HC: Viele Lichtfestivals sind spannend, manche vor allem populär. Es gibt zunehmend „Events“, wo Licht schlicht Werbeträger ist, wie bei den großen Events in Lyon oder Berlin. Lichtfestivals als Marketingmaßnahme für die Tourismusförderung – besonders in Berlin, wo vor allem eine große Stadtverbuntung betrieben wird. Alles dreht sich, alles bewegt sich, die Welt wird abends kunterbunt. Böse Zungen sprechen von colour-pollution.

Welche kommenden Ereignisse ragen für Dich positiv heraus?

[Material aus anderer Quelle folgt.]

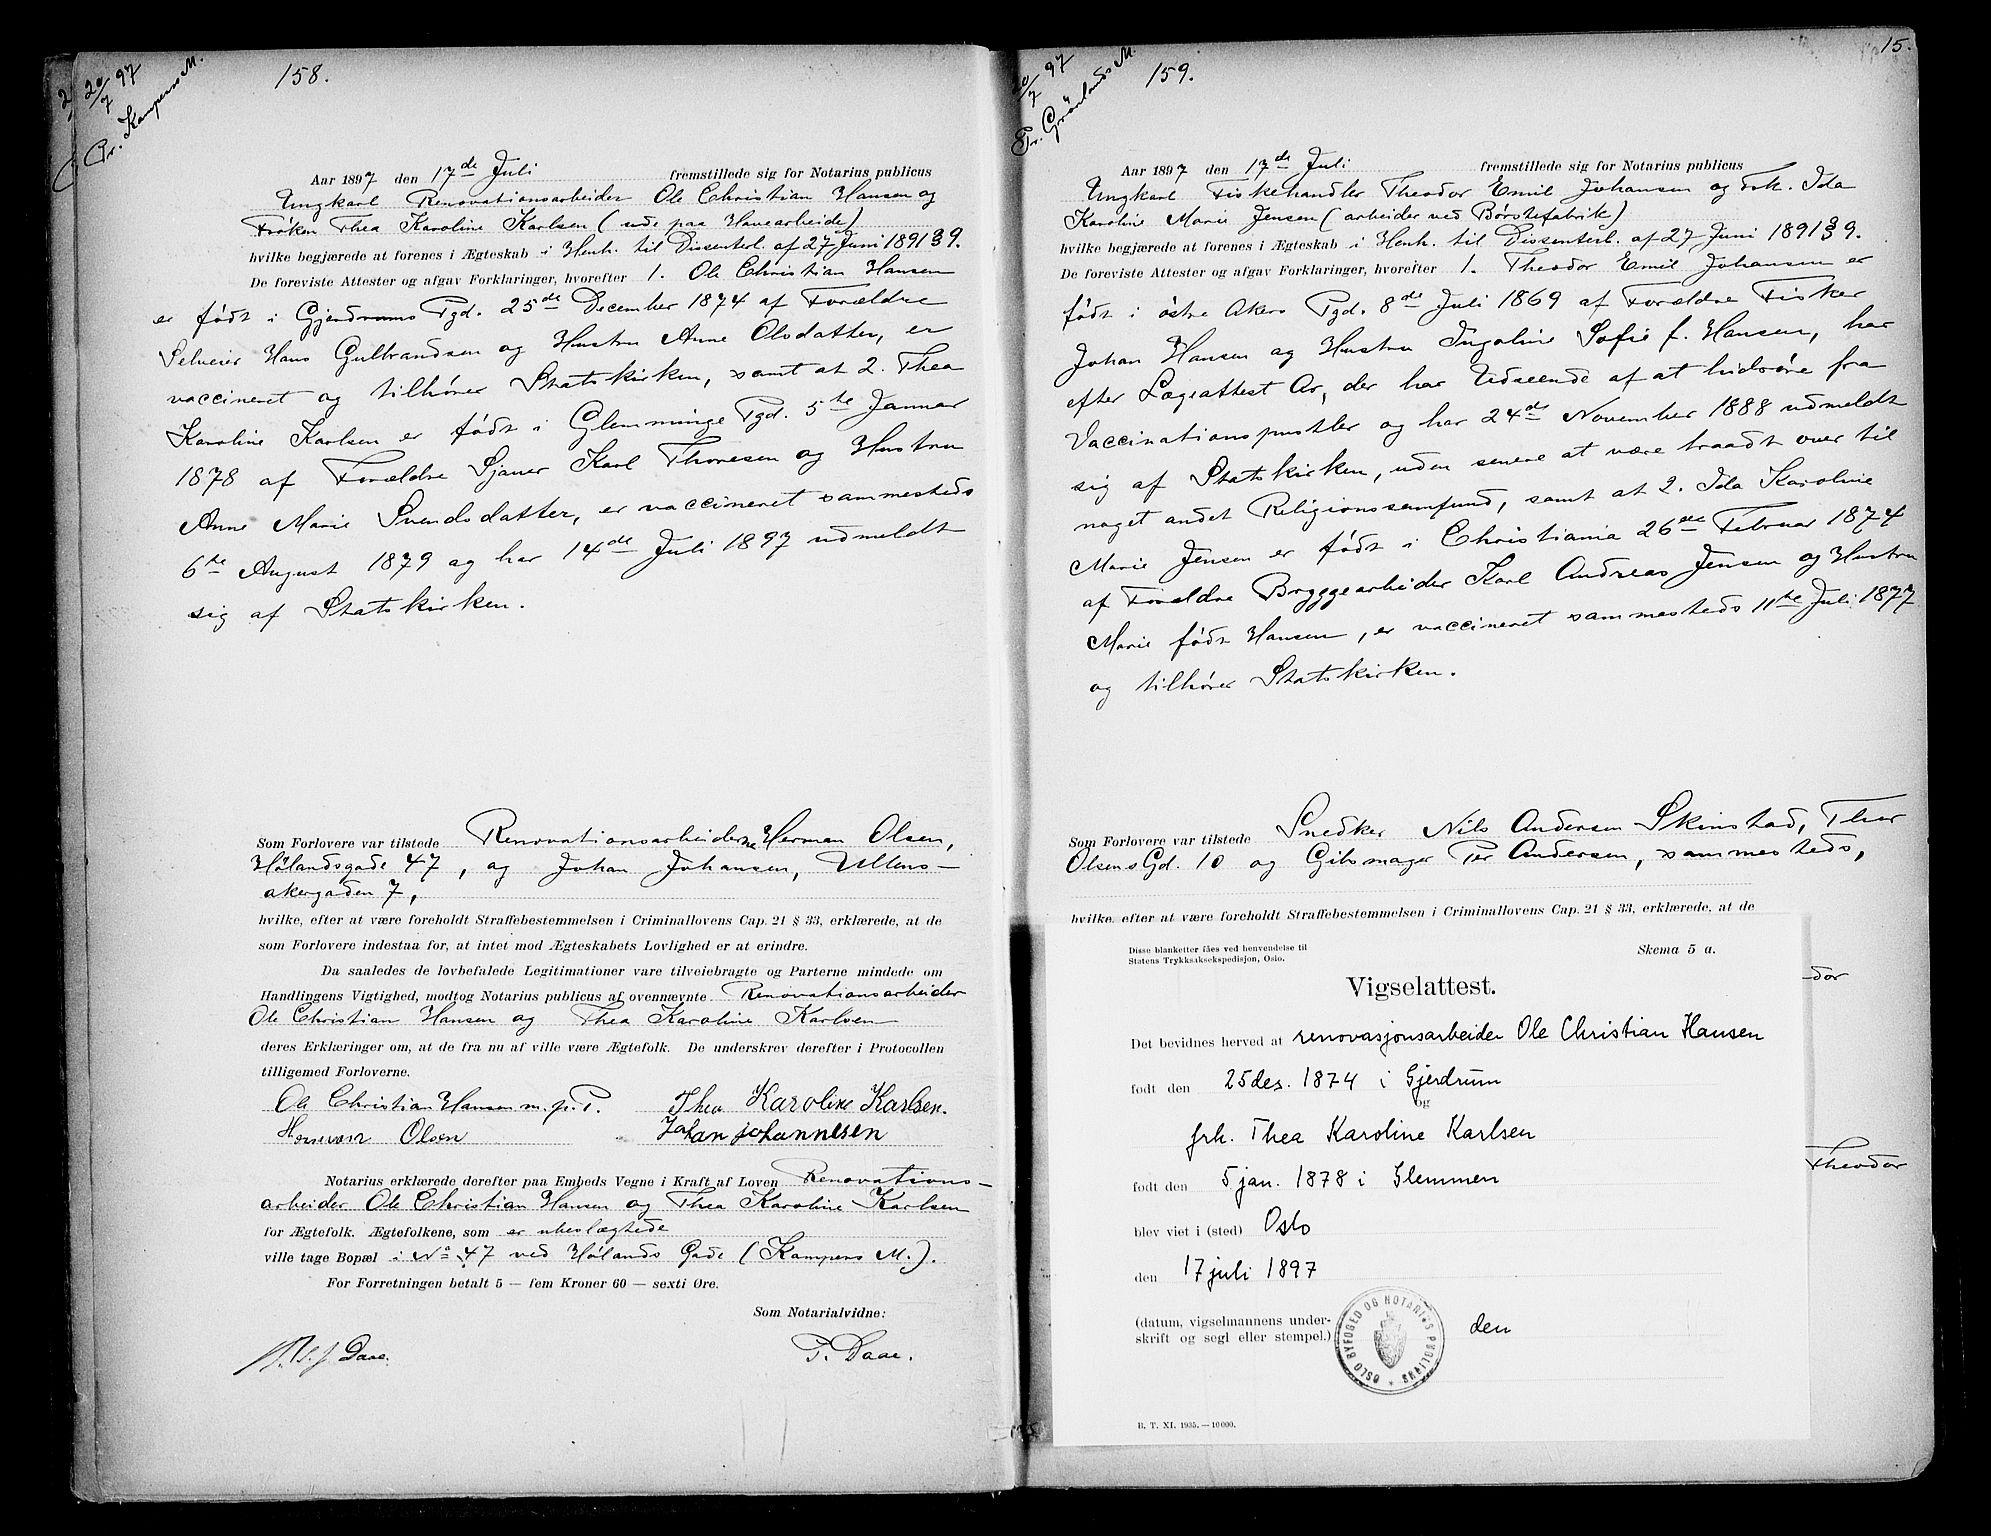 SAO, Oslo byfogd avd. I, L/Lb/Lbb/L0005: Notarialprotokoll, rekke II: Vigsler, 1897-1902, s. 14b-15a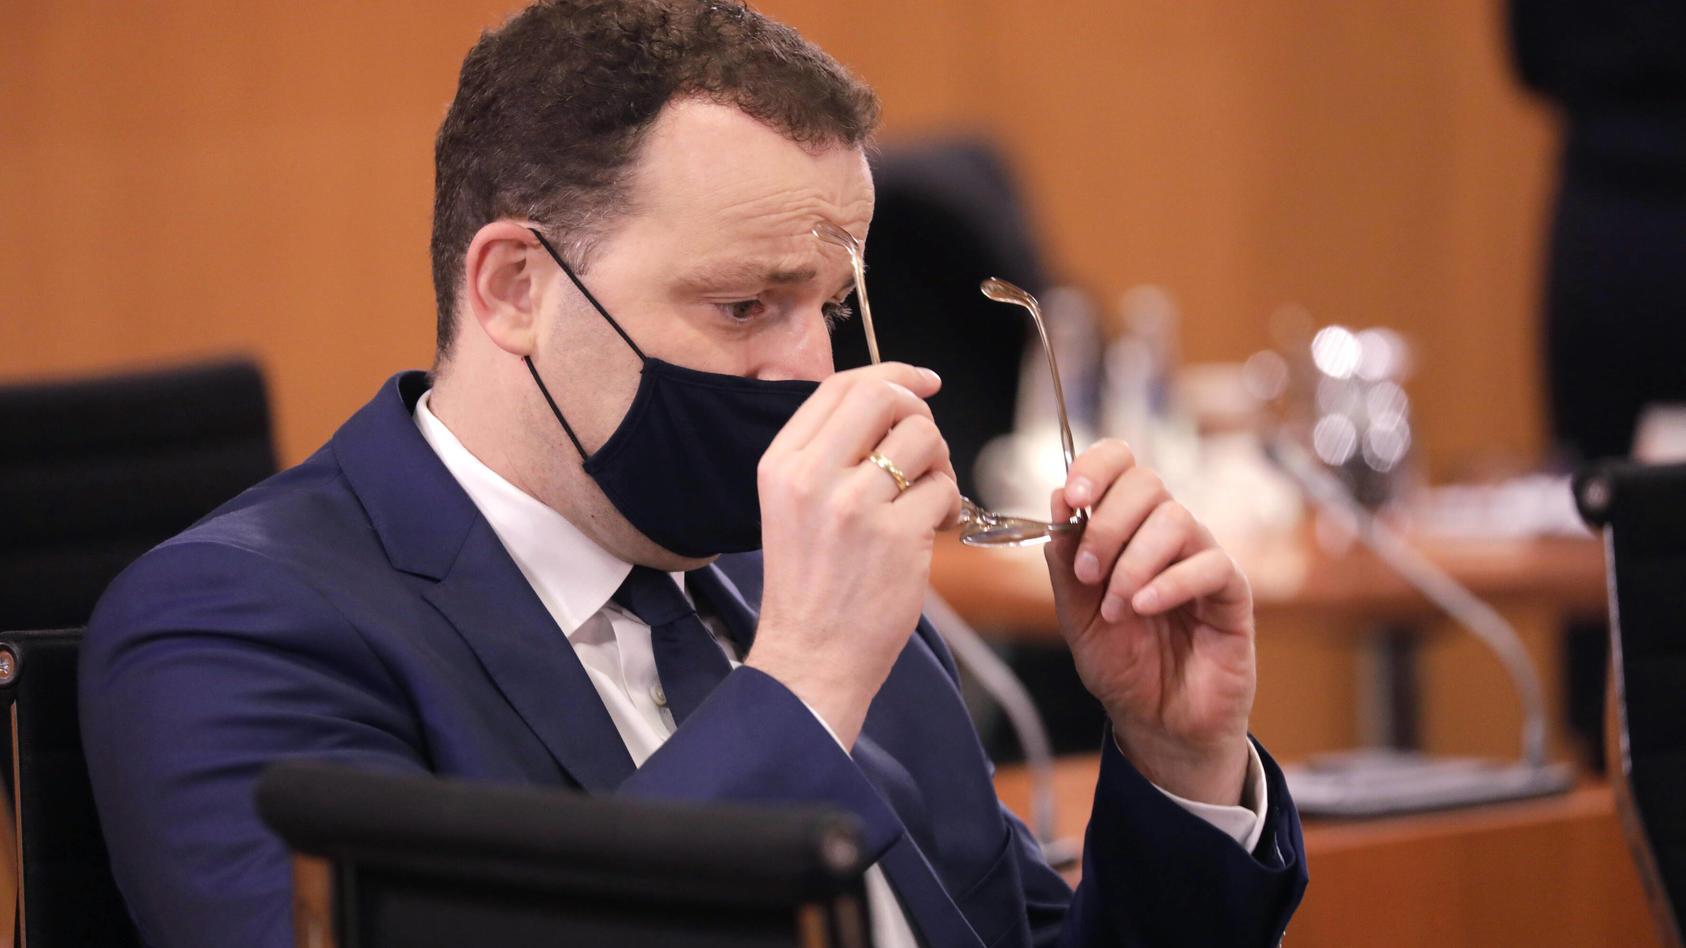 Jens Spahn, Bundesminister fuer Gesundheit, CDU, Bundeskabinett, DEU, Berlin, 21.10.2020 *** Jens Spahn, Federal Ministe

BP: Du sprichst damit die Frage der Qualität an. Nicht immer sind in die Entwicklung und Realisierung von Licht-affinen Projekten professionelle Lichtdesigner/innen, Künstler/innen oder Kurator/inn/en involviert. Ich bin sehr zuversichtlich, was das Publikum angeht, das es unterscheiden kann, wo es etwas zu entdecken gibt und wo visuelle Klischées bedient werden. Bei der Presse bin ich mir da manchmal nicht so sicher. Da reicht es schon, wenn das Brandenburger Tor bunt ist, um es international zu kommunizieren. Da wünsche ich mir mehr Fachverstand und Sehvermögen. Mein nächstes Projekt findet während der Bundesgartenschau 2011 auf dem Weltkulturerbe Festung Ehrenbreitstein statt. Im Mai zeigen wir für zehn Tage Installationen und Interventionen, die unter dem Titel „Von blauen Blumen“ sich mit der romantischen Idee der Naturbetrachtung zum besseren Selbst-und Weltverständnis auseinandersetzen. Du bist herzlich eingeladen.